▶ [Input for this task]
══════

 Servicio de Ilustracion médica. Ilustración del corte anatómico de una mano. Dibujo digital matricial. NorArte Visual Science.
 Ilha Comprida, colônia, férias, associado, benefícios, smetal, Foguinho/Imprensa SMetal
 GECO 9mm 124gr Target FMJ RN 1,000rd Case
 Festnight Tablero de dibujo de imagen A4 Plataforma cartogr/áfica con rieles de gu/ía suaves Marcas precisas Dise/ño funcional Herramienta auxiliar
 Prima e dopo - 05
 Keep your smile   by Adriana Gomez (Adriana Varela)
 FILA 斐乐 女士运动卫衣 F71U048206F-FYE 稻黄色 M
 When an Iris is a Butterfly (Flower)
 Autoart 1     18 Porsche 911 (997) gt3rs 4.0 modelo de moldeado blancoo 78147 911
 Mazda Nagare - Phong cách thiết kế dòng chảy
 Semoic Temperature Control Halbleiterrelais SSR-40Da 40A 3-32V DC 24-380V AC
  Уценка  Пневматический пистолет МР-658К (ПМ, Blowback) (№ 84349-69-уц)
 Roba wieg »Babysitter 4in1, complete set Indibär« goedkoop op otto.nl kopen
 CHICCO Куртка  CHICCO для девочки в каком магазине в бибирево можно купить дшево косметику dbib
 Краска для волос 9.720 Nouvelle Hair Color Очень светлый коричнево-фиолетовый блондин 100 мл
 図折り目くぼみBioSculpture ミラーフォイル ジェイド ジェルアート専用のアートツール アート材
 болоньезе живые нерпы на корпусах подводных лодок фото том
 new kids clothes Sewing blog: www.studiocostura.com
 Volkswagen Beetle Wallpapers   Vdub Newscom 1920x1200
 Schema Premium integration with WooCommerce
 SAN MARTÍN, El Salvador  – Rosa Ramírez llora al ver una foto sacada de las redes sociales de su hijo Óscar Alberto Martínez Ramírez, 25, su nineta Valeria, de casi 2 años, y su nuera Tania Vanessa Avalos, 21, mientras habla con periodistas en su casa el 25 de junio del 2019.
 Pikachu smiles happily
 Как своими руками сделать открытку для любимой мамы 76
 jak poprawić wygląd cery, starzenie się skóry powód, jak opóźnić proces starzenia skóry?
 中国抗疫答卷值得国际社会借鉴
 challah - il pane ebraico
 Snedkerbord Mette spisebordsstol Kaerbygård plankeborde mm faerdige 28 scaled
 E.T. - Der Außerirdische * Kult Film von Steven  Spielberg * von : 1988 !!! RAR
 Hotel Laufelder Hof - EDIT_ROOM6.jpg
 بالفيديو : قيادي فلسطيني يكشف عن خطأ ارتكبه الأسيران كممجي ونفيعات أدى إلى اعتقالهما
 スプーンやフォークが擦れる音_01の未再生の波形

══════

▶ [Assignment] From the listing above, the lines starting with the one that has "Festnight Tablero de" and running through the one that has "blancoo 78147 911" should be copied exactly, ends included.

▶ [Response to this exercise]
 Festnight Tablero de dibujo de imagen A4 Plataforma cartogr/áfica con rieles de gu/ía suaves Marcas precisas Dise/ño funcional Herramienta auxiliar
 Prima e dopo - 05
 Keep your smile   by Adriana Gomez (Adriana Varela)
 FILA 斐乐 女士运动卫衣 F71U048206F-FYE 稻黄色 M
 When an Iris is a Butterfly (Flower)
 Autoart 1     18 Porsche 911 (997) gt3rs 4.0 modelo de moldeado blancoo 78147 911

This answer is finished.